The multiplication factor you can do nothing about as its set by central government. They do re evaluate the patromonial value of the property from time to time (usually after building works and always after a change of ownership). They write a letter at that time to confirm their assesment of the new value and you have a limited time period in which to register a complaint.

The letter says clearly that unless they hear from you they will assume you are 100% happy with the new valuation, which makes it then very hard to suddenly say you are not at a later date.

If you are a non resident then this letter may have gone to your fiscal rep who may not have forwarded it.

In fairness about 1000 euros a year sounds about right, we pay about the same for a similar spec house.


----------



## pennine10

*Imi*



MrBife said:


> The multiplication factor you can do nothing about as its set by central government. They do re evaluate the patromonial value of the property from time to time (usually after building works and always after a change of ownership).
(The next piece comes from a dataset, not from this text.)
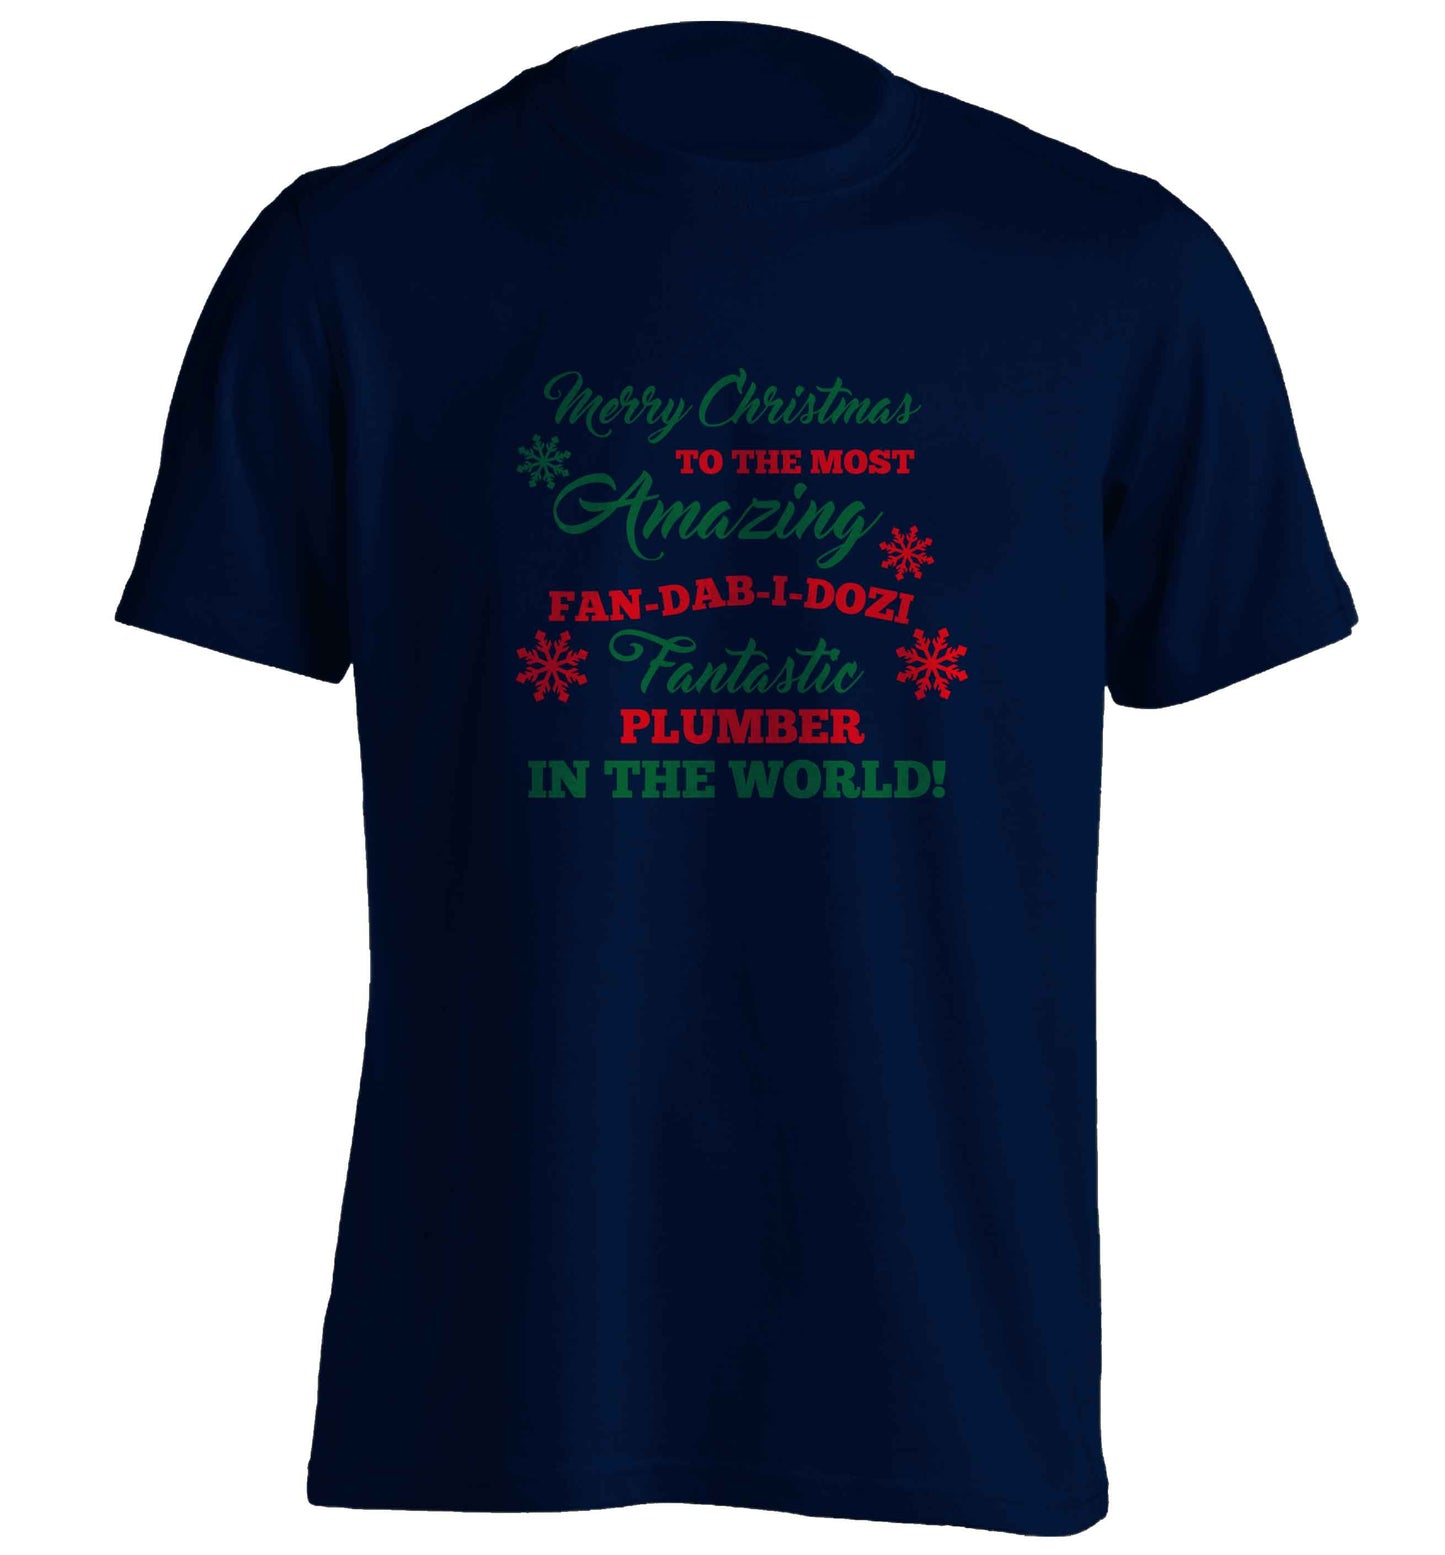 Merry Christmas to the most amazing plumber in the world! adults unisex navy Tshirt 2XL

They write a letter at that time to confirm their assesment of the new value and you have a limited time period in which to register a complaint.
> 
> The letter says clearly that unless they hear from you they will assume you are 100% happy with the new valuation, which makes it then very hard to suddenly say you are not at a later date.
> 
> If you are a non resident then this letter may have gone to your fiscal rep who may not have forwarded it.
> 
> In fairness about 1000 euros a year sounds about right, we pay about the same for a similar spec house.


Hi Mr Bife,

Thanks for your reply.
What I find hard to accept is that much larger houses in the immediate area
pay a lot less than I do.
Also in the current climate how can the camra say that my house has increased in value.


----------



## morro

*I.M.I. extension*

I bought my house in 2006 and had 6 years free - a couple of years ago I had an email saying there was a 2 year extension! Now I am concerned that is it automatic or do you have to fill in any forms? I do not want any nasty shocks next april!!


----------



## canoeman

pennine10 said:


> Hi Mr Bife,
> 
> Thanks for your reply.
> What I find hard to accept is that much larger houses in the immediate area
> pay a lot less than I do.
> Also in the current climate how can the camra say that my house has increased in value.
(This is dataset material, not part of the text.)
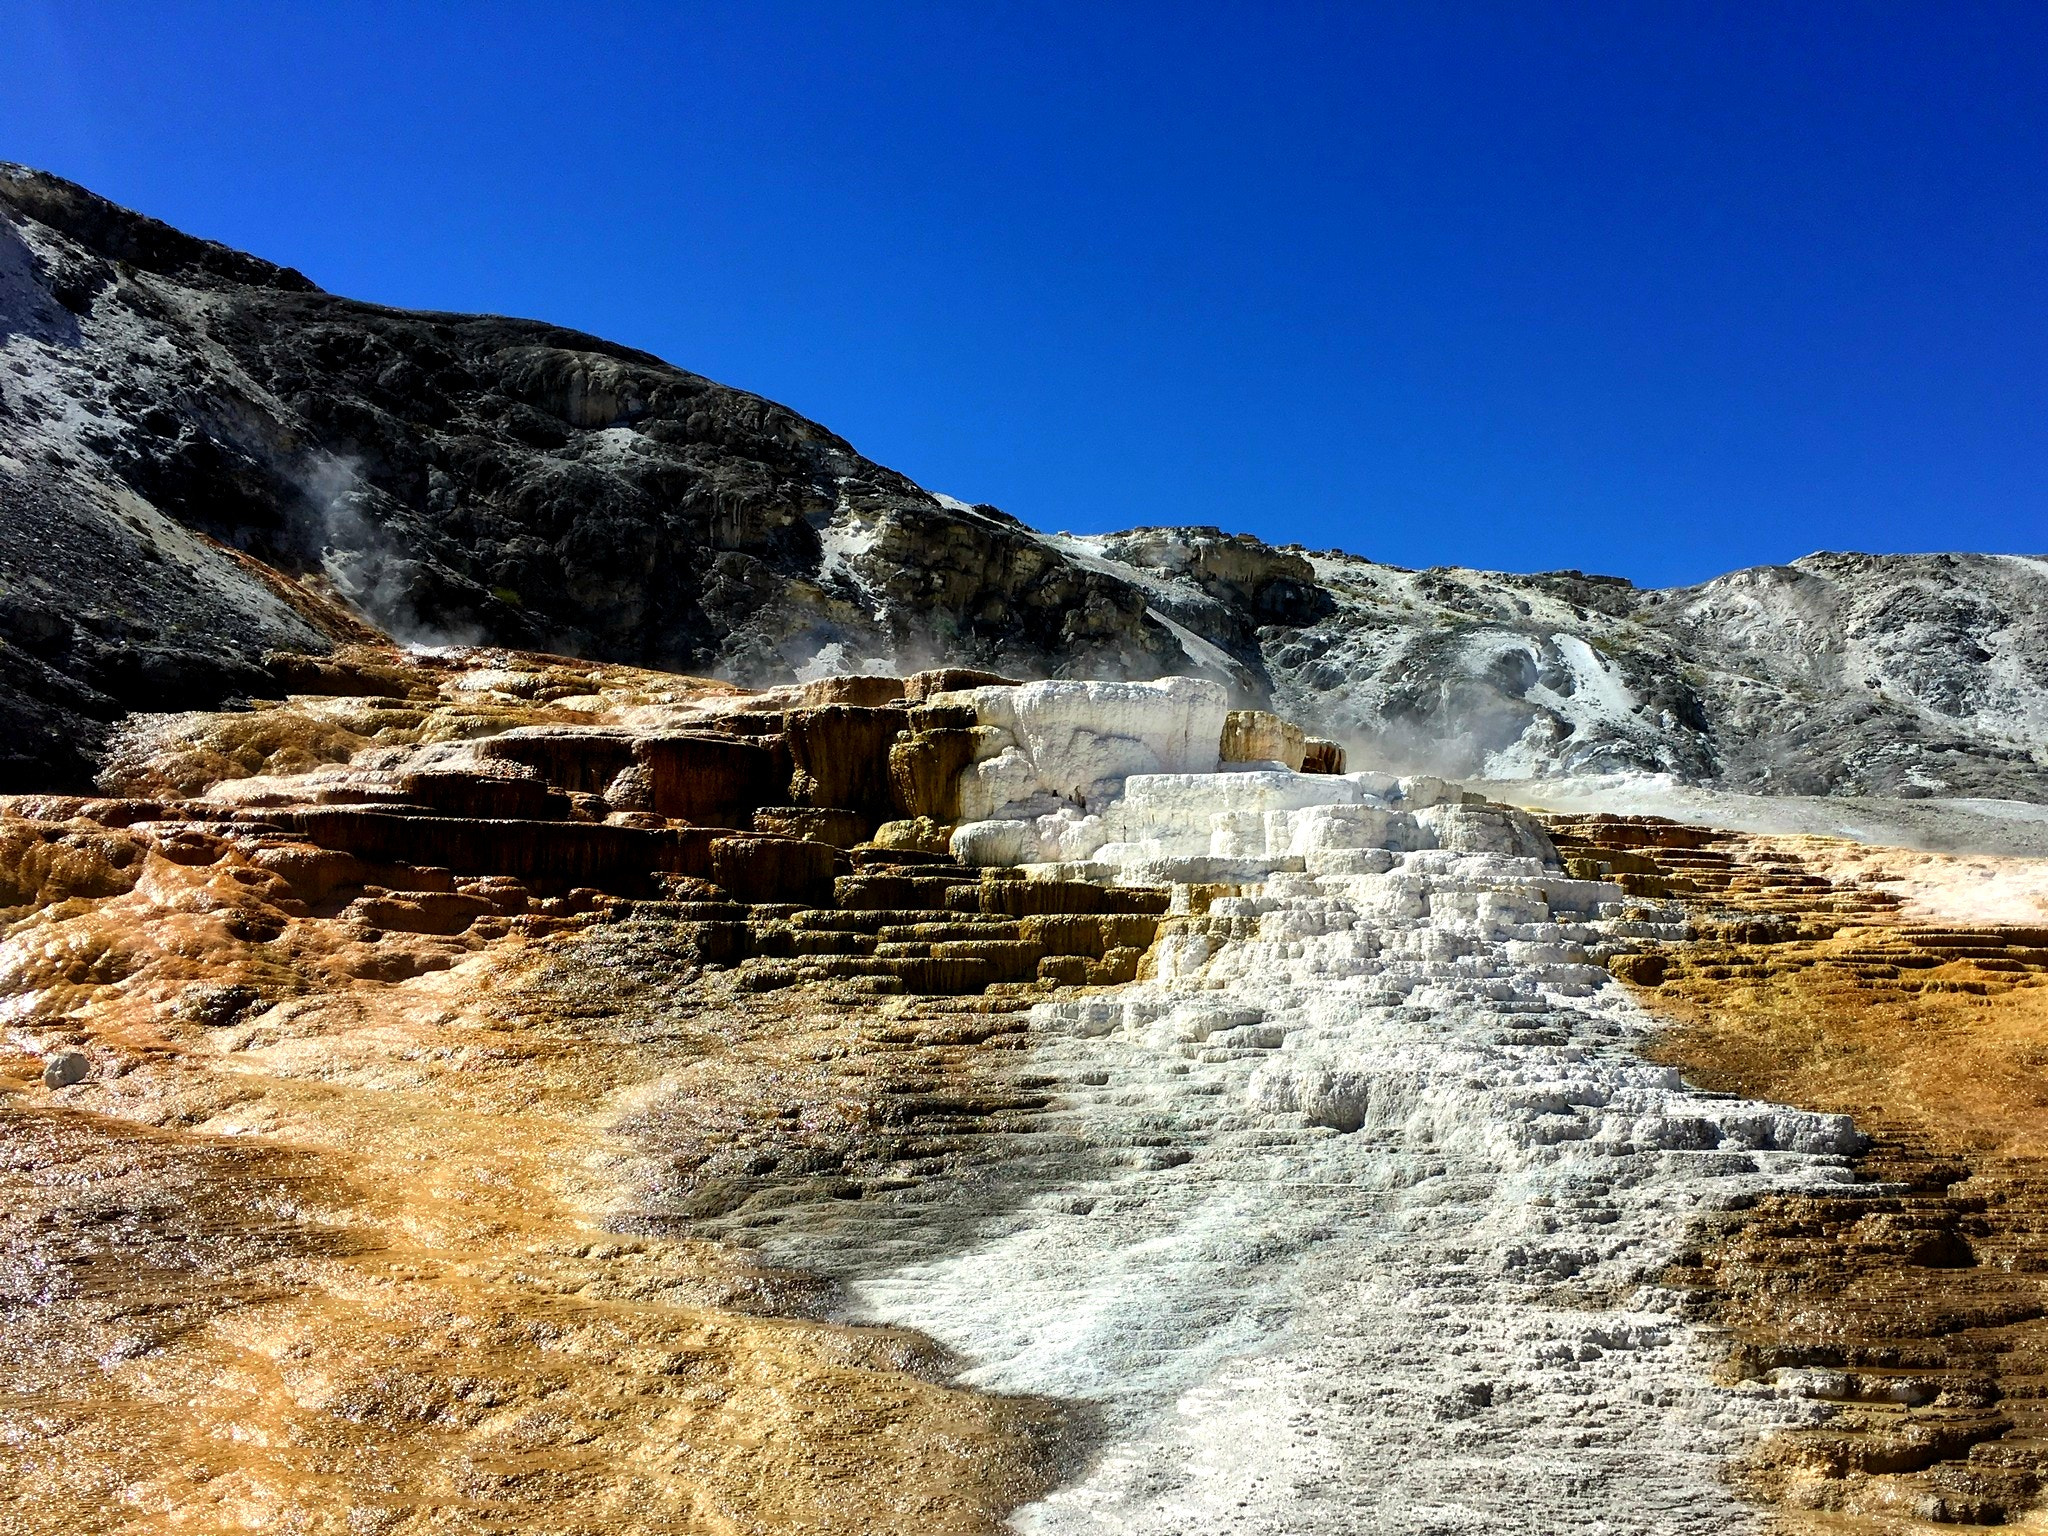 Jag.gr 645 PRO Mk III for Apple iPhone 6s sample photo. Mammoth hot spring photography

Could be they've not been sold recently and although bigger might well not have the amenities that you have.
Although we all refer to IMI as rates they are a Government tax administered by the Financas department, not Camra.
There are a lot of factors that affect IMI value, in your paperwork you should have a IMI document from Financas that shows, ownership, article numbers, address, neighbours, floors, areas, detached, garage, pool, c/h etc.

The IMI value is based on these factors and has nothing to do with it's market value. As Mr Bife said if you didn't appeal when the assessment was done, you can't do much about it, unless the information they've based valuation is wrong, then you might have a chance. 
So you need to find or get a copy from Financas so you can check information.

patromonial value


----------



## MrBife

morro said:


> I bought my house in 2006 and had 6 years free - a couple of years ago I had an email saying there was a 2 year extension! Now I am concerned that is it automatic or do you have to fill in any forms? I do not want any nasty shocks next april!!


Not heard before of anyone in Portugal getting an email from Financas (but maybe you are in Spain as it says in your profile - maybe they do there??).

If you are in Portugal then login to the Financas website and check the exact fiscal status for your property. (You need to apply for a password to be sent by post).

http://www.portaldasfinancas.gov.pt/pt/home.action


----------



## morro

*I.m.i.*



MrBife said:


> Not heard before of anyone in Portugal getting an email from Financas (but maybe you are in Spain as it says in your profile - maybe they do there??).
> 
> If you are in Portugal then login to the Financas website and check the exact fiscal status for your property. (You need to apply for a password to be sent by post).
> 
> Portal das Finanças


Thanks I will do that - I live in Portugal and I do get emails from the Financas!


----------